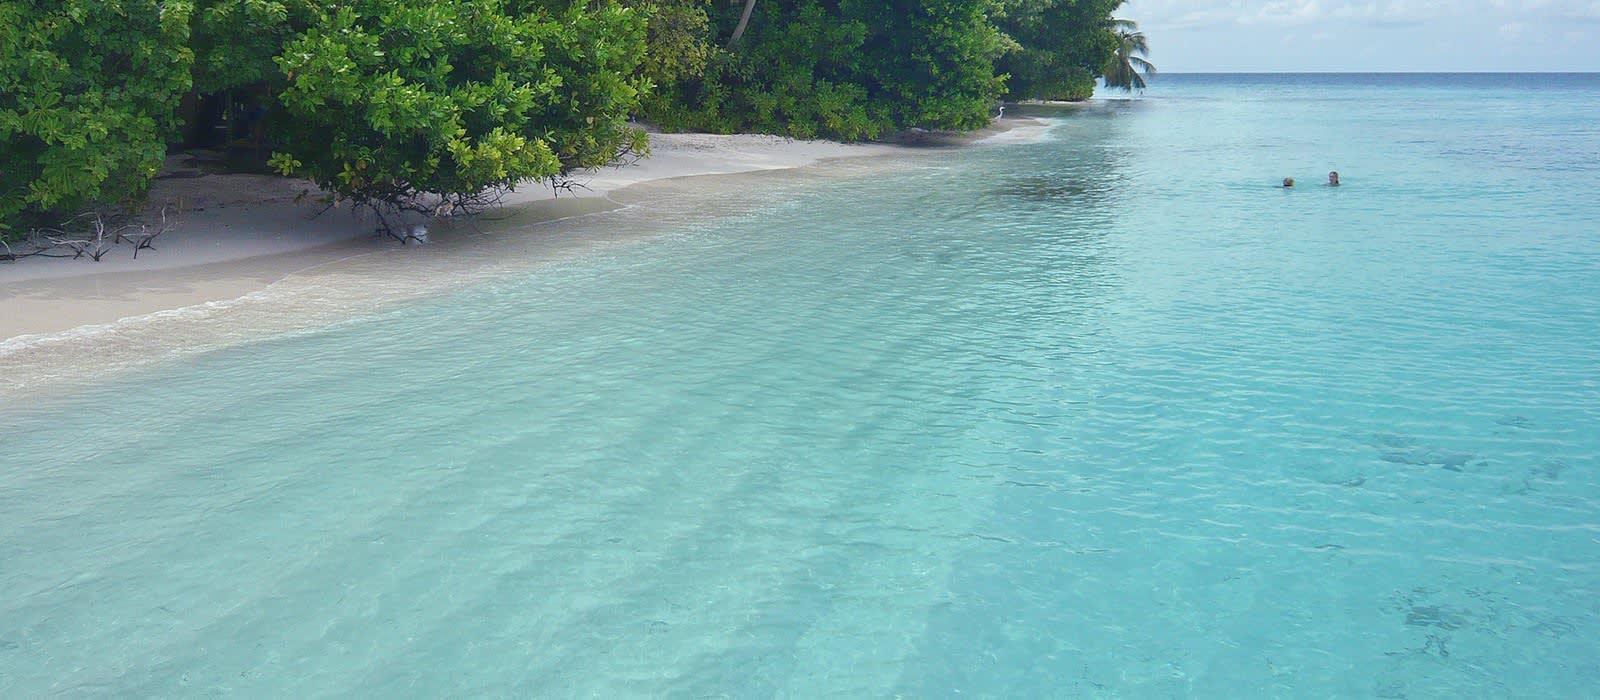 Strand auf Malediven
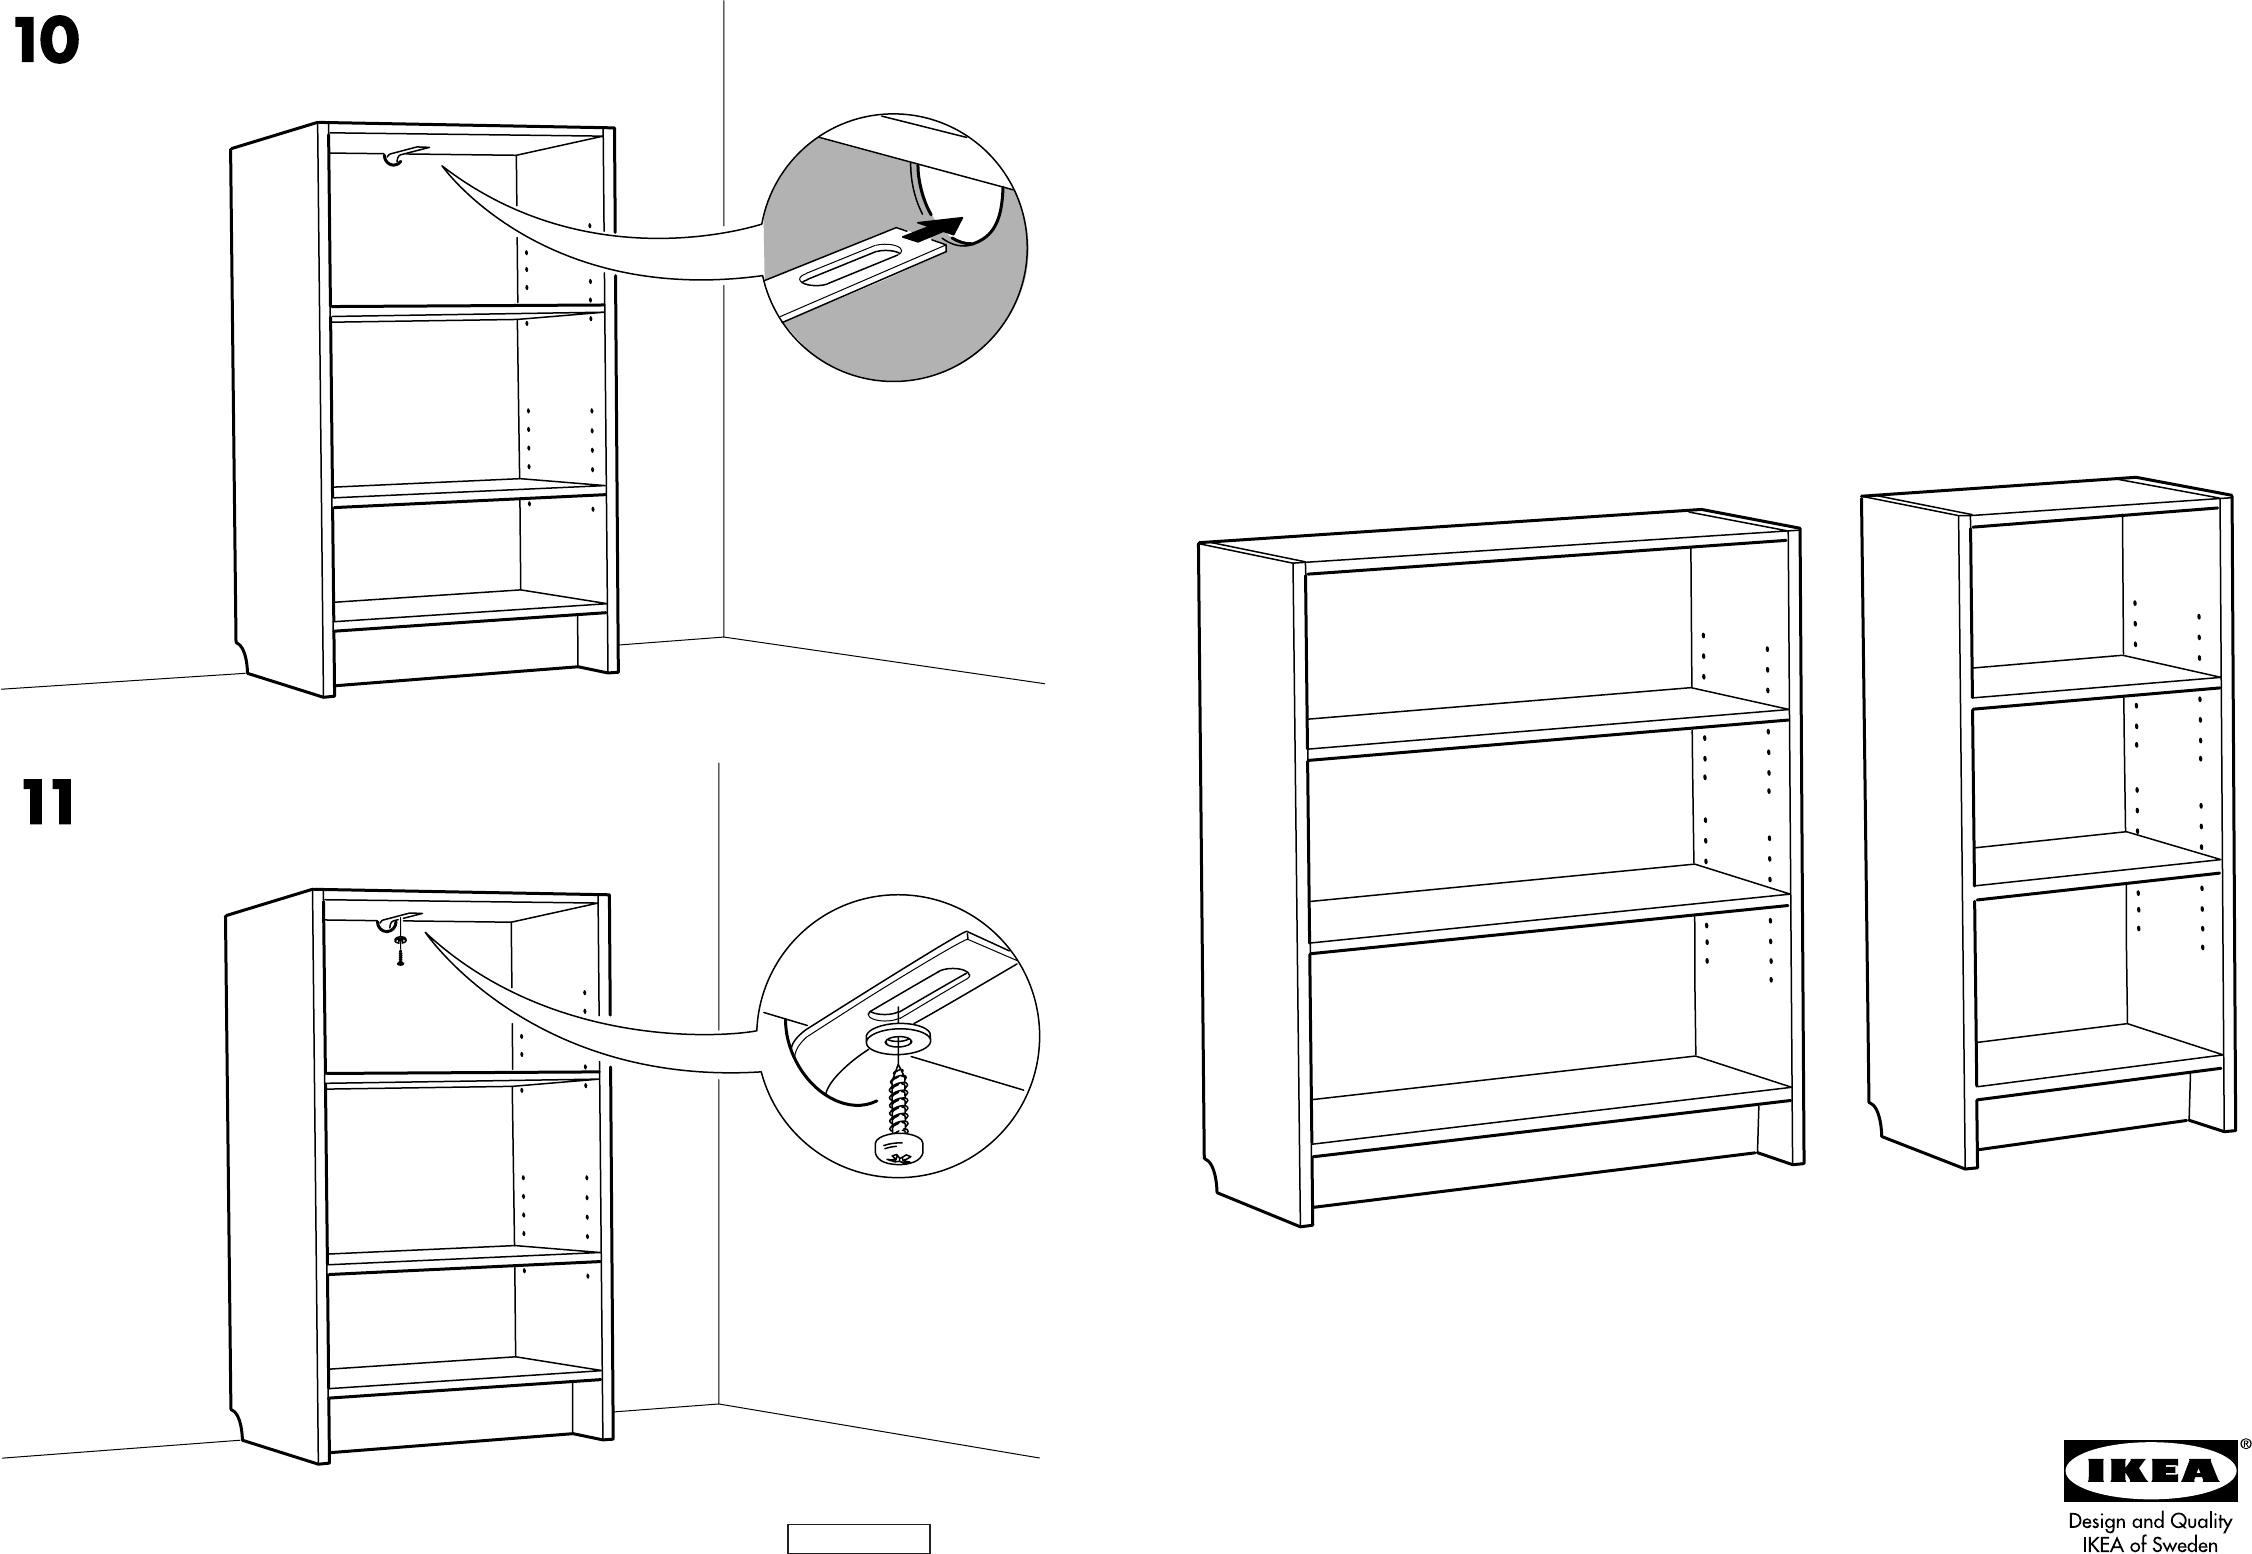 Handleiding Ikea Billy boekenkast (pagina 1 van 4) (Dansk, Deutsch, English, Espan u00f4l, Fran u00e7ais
==
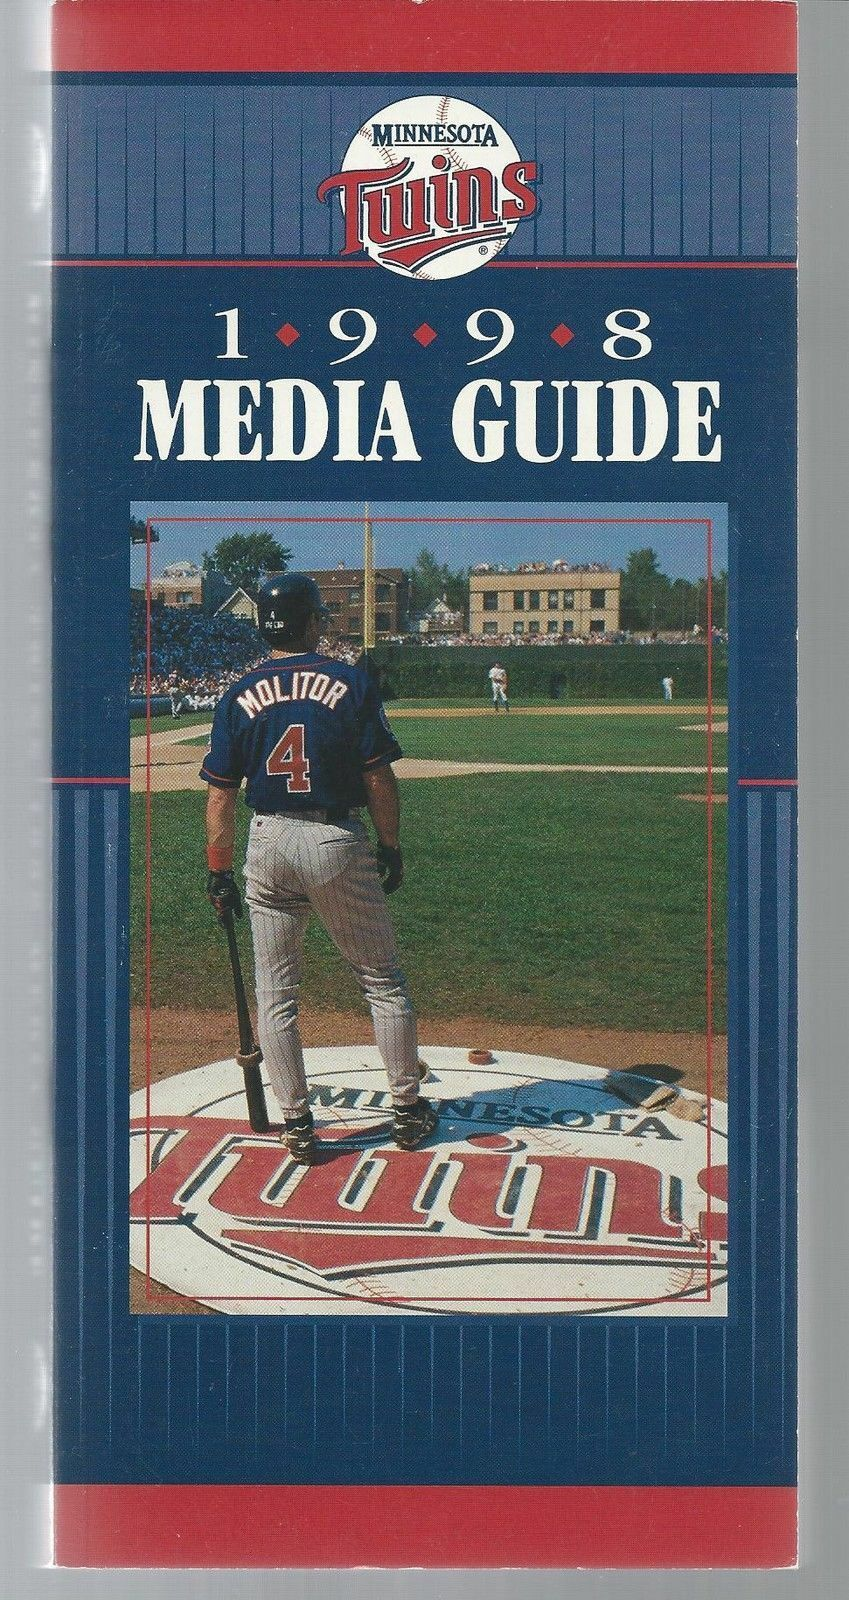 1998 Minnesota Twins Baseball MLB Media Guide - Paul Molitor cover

ASSIGNED TASK:
The answer must be the lines above from the one containing "Strand auf Malediven" through the one containing "Handleiding Ikea Billy", reproduced exactly, with no pictures and nothing else.

RESPONSE BOX:
 Strand auf Malediven
 Handleiding Ikea Billy boekenkast (pagina 1 van 4) (Dansk, Deutsch, English, Espan u00f4l, Fran u00e7ais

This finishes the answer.